Second International Workshop on
Regulated Agent-Based Social Systems:
Theories and Applications (RASTA'03)

Workshop date: 23 June, 2003

Abstract for

9:15 - 10:15
Social Dilemmas and Agent-Based Modelling: Why Aren't We All Psychopaths? and How Can We Reduce Water Pollution? (Invited talk)
Nick Gotts   

The talk is in two main parts. The first is a broad survey of approaches to the understanding of human cooperation and altruistic behaviour, the second draws on this survey in describing a current piece of agent-based simulation work on river basin management planning and the control of pollution due to rural land use.
Psychopaths are characterised primarily as lacking in conscience and empathy. They are not necessarily violent, but will lie, cheat and even kill if this appears expedient, undeterred by guilt or shame.
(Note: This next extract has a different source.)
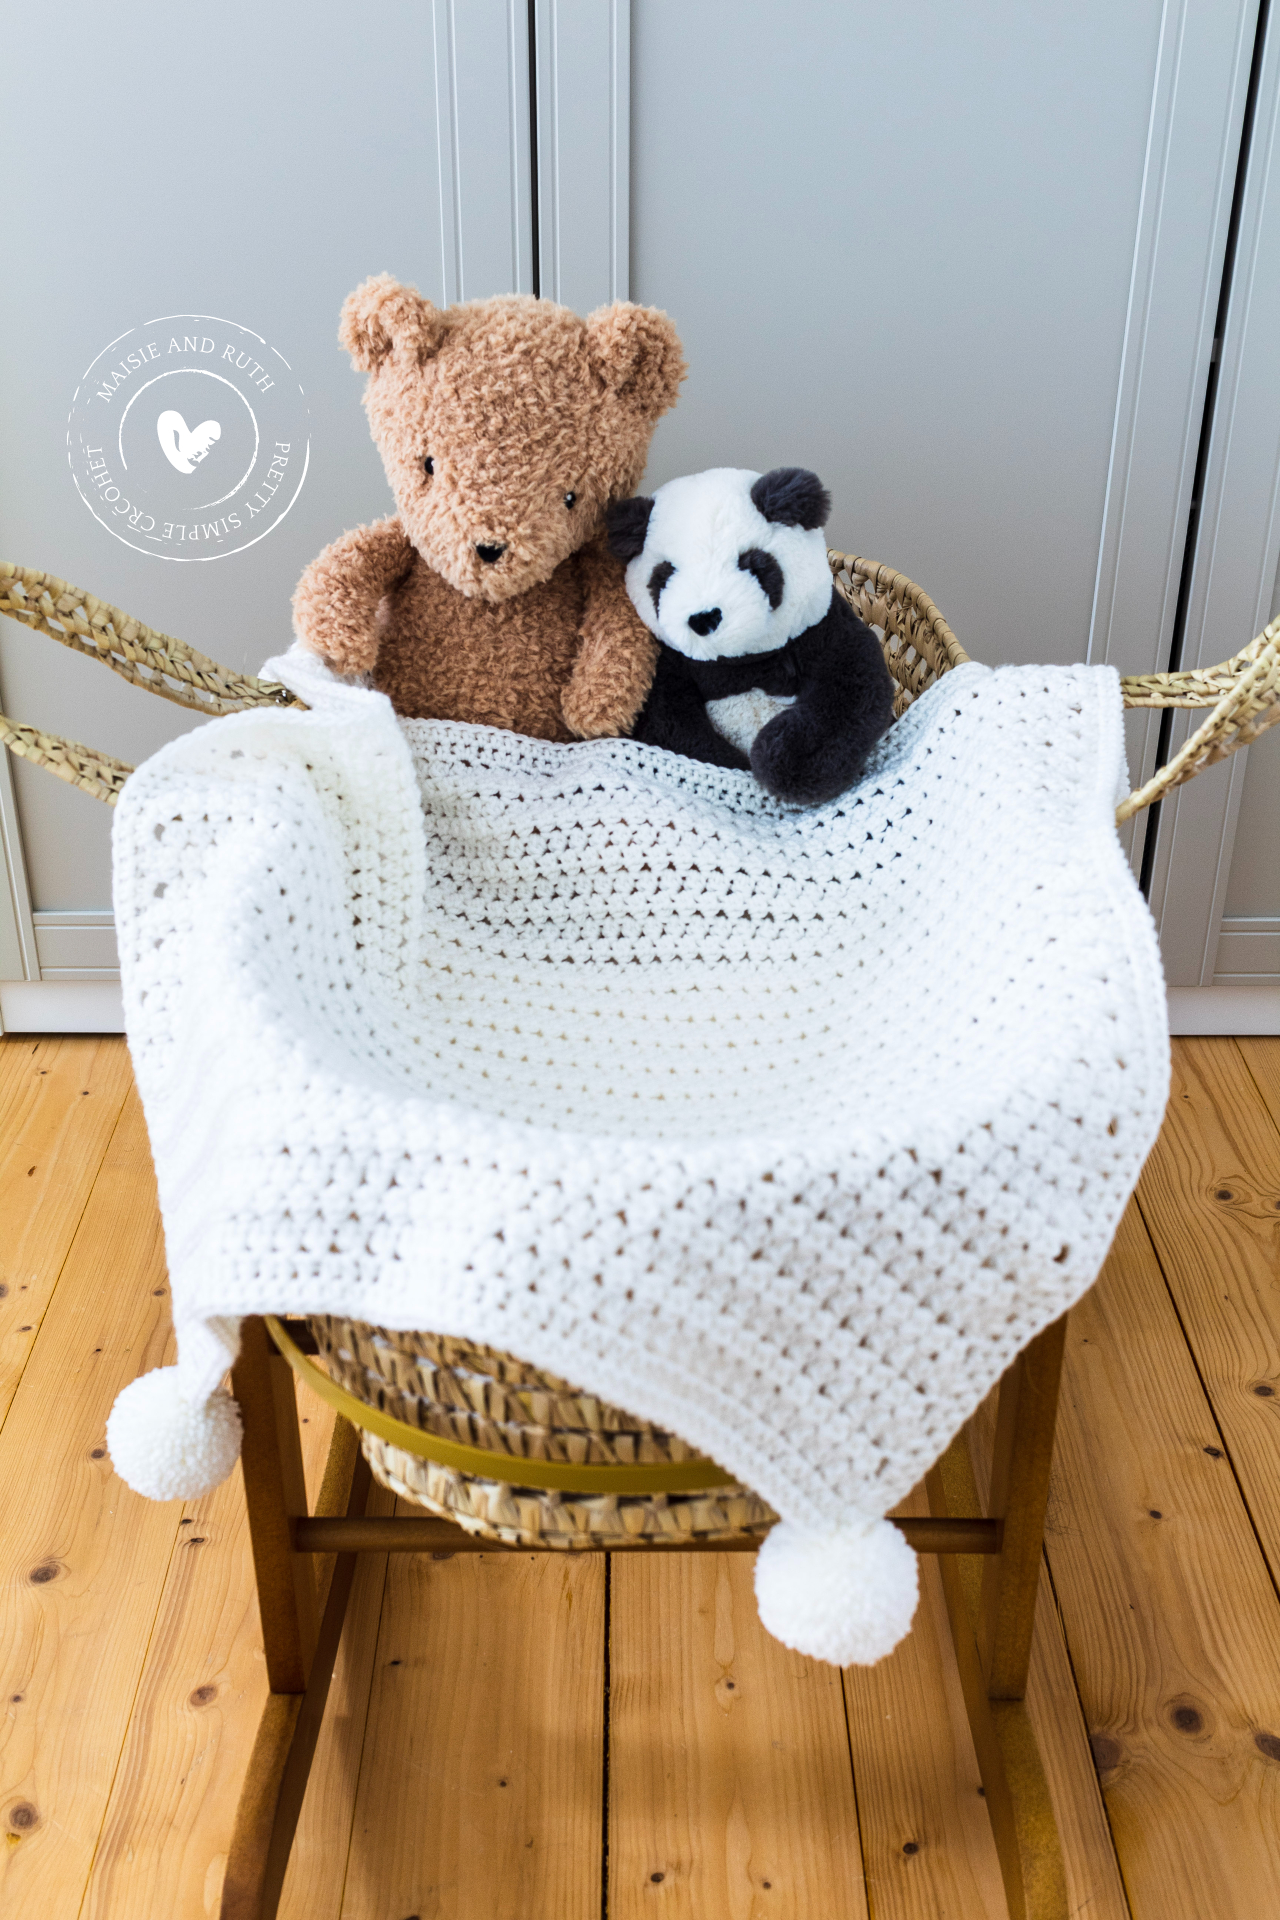 Crochet An Easy Baby Blanket with bear and panda in bassinett

This picture is actually rather close to the portrait of the instrumentally rational "Homo economicus" drawn by neoclassical economics. There would seem to be clear advantages in such a selfish and calculating approach to life, in terms of material gain and (taking a Darwinian perspective), opportunities to reproduce. Yet everyday observation, and empirical study of "social dilemmas" such as the "Prisoner's Dilemma" and the (misnamed) "Tragedy of the Commons", indicate that cooperative behaviour beyond what is obviously advantageous is common, and that heroic extremes of altruism occur with significant frequency. How is it that such behaviour survives, and how can agent-based models help us to understand it?
Attempts to control environmental pollution often give rise to social dilemmas: for each individual polluter, it is advantageous to avoid the costs of reducing pollution - yet if all do so, all may end up worse off than if all had restrained themselves. Attempts to model such situations have generally assumed that the benefits of avoiding restraint, and costs such as social disapproval, can be directly compared. They have also, in general, assumed that all the potentially polluting agents face equivalent sets of choices. In our planned agent-based models of river basin pollution, we drop both these assumptions: agents are allowed to have multiple and possibly inconsistent top-level goals, and asymmetries between upstream and downstream land managers are taken into account.